If you use the software, please consider citing scikit-learn.

This page

Sparse coding with a precomputed dictionary

Transform a signal as a sparse combination of Ricker wavelets. This example visually compares different sparse coding methods using the sklearn.decomposition.SparseCoder estimator. The Ricker (also known as mexican hat or the second derivative of a gaussian) is not a particularily good kernel to represent piecewise constant signals like this one. It can therefore be seen how much adding different widths of atoms matters and it therefore motivates learning the dictionary to best fit your type of signals.

The richer dictionary on the right is not larger in size, heavier subsampling is performed in order to stay on the same order of magnitude.
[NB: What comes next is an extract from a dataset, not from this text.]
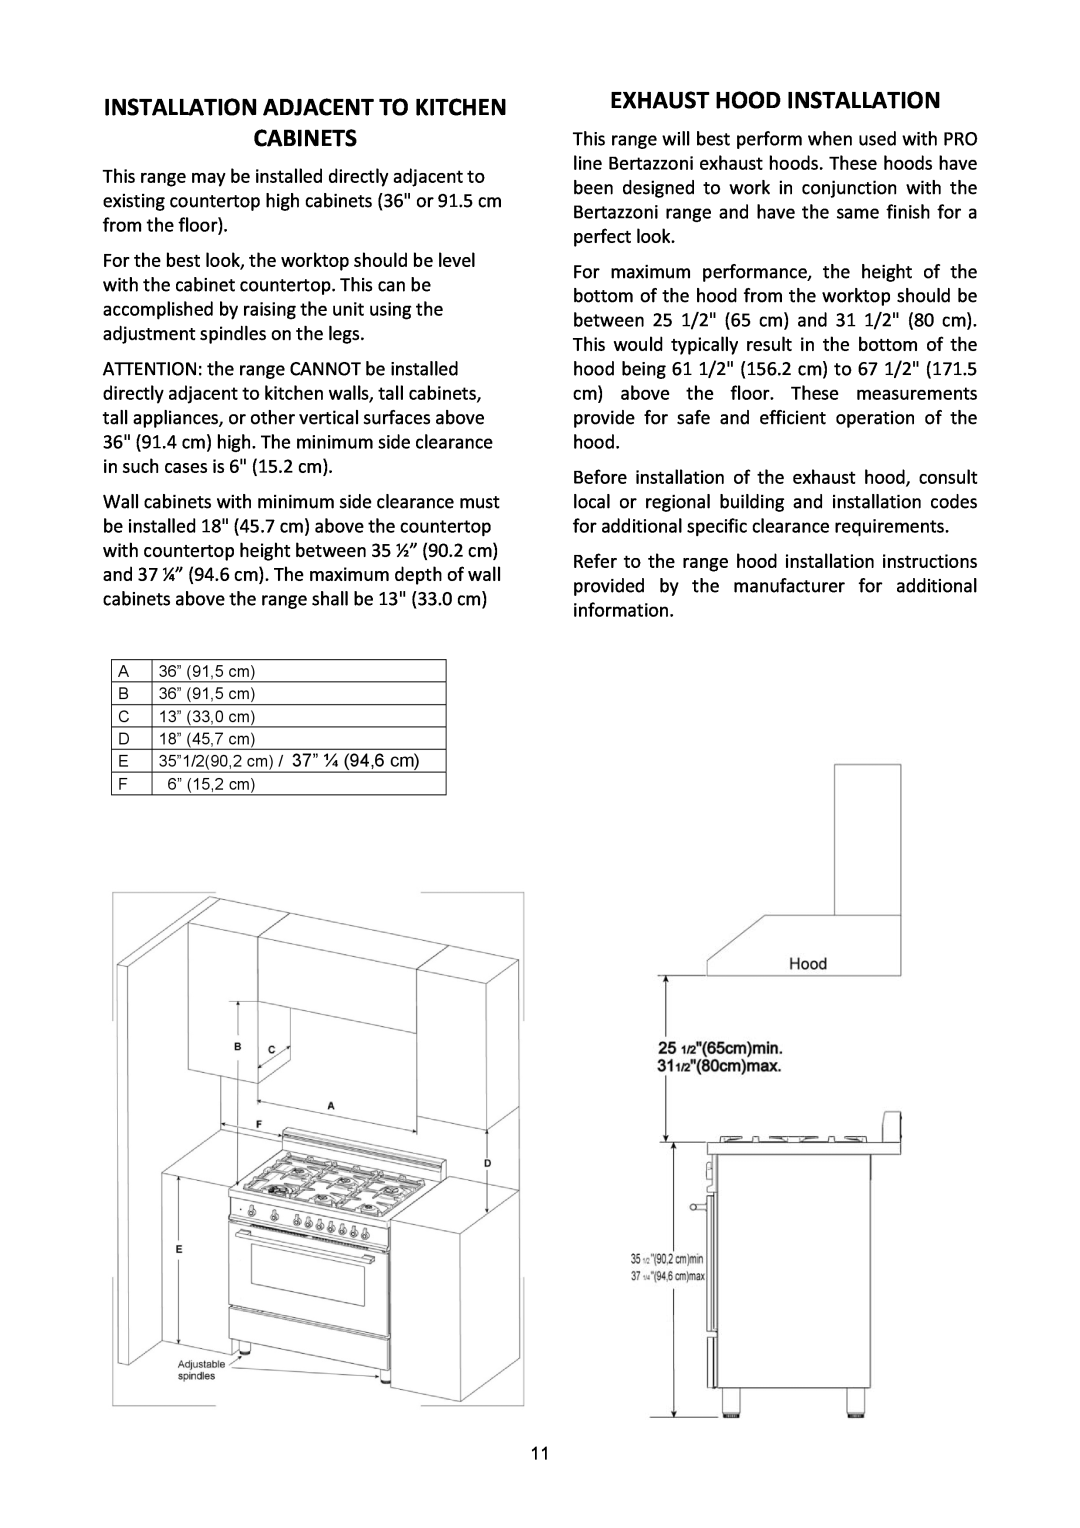 Bertazzoni X365GGVBI, X365GGVGI, X365GGVCR manual Installation Adjacent To Kitchen Cabinets, Exhaust Hood Installation

../../_images/plot_sparse_coding_1.png

Python source code: plot_sparse_coding.py

print __doc__

import numpy as np
import matplotlib.pylab as pl

from sklearn.decomposition import SparseCoder


def ricker_function(resolution, center, width):
    """Discrete sub-sampled Ricker (mexican hat) wavelet"""
    x = np.linspace(0, resolution - 1, resolution)
    x = (2 / ((np.sqrt(3 * width) * np.pi ** 1 / 4))) * (
         1 - ((x - center) ** 2 / width ** 2)) * np.exp(
         (-(x - center) ** 2) / (2 * width ** 2))
    return x


def ricker_matrix(width, resolution, n_atoms):
    """Dictionary of Ricker (mexican hat) wavelets"""
    centers = np.linspace(0, resolution - 1, n_atoms)
    D = np.empty((n_atoms, resolution))
    for i, center in enumerate(centers):
        D[i] = ricker_function(resolution, center, width)
    D /= np.sqrt(np.sum(D ** 2, axis=1))[:, np.newaxis]
    return D


resolution = 1024
subsampling = 3  # subsampling factor
width = 100
n_atoms = resolution / subsampling

# Compute a wavelet dictionary
D_fixed = ricker_matrix(width=width, resolution=resolution, n_atoms=n_atoms)
D_multi = np.r_[tuple(ricker_matrix(width=w, resolution=resolution,
                                     n_atoms=np.floor(n_atoms / 5))
                 for w in (10, 50, 100, 500, 1000))]

# Generate a signal
y = np.linspace(0, resolution - 1, resolution)
first_quarter = y < resolution / 4
y[first_quarter] = 3.
y[np.logical_not(first_quarter)] = -1.

# List the different sparse coding methods in the following format:
# (title, transform_algorithm, transform_alpha, transform_n_nozero_coefs)
estimators = [('OMP', 'omp', None, 15),
              ('Lasso', 'lasso_cd', 2, None),
]

pl.figure(figsize=(13, 6))
for subplot, (D, title) in enumerate(zip((D_fixed, D_multi),
                                         ('fixed width', 'multiple widths'))):
    pl.subplot(1, 2, subplot + 1)
    pl.title('Sparse coding against %s dictionary' % title)
    pl.plot(y, ls='dotted', label='Original signal')
    # Do a wavelet approximation
    for title, algo, alpha, n_nonzero in estimators:
        coder = SparseCoder(dictionary=D, transform_n_nonzero_coefs=n_nonzero,
                            transform_alpha=alpha, transform_algorithm=algo)
        x = coder.transform(y)
        density = len(np.flatnonzero(x))
        x = np.ravel(np.dot(x, D))
        squared_error = np.sum((y - x) ** 2)
        pl.plot(x, label='%s: %s nonzero coefs,\n%.2f error' %
                          (title, density, squared_error))

    # Soft thresholding debiasing
    coder = SparseCoder(dictionary=D, transform_algorithm='threshold',
                        transform_alpha=20)
    x = coder.transform(y)
    _, idx = np.where(x != 0)
    x[0, idx], _, _, _ = np.linalg.lstsq(D[idx, :].T, y)
    x = np.ravel(np.dot(x, D))
    squared_error = np.sum((y - x) ** 2)
    pl.plot(x,
            label='Thresholding w/ debiasing:\n%d nonzero coefs, %.2f error' %
            (len(idx), squared_error))
    pl.axis('tight')
    pl.legend()
pl.subplots_adjust(.04, .07, .97, .90, .09, .2)
pl.show()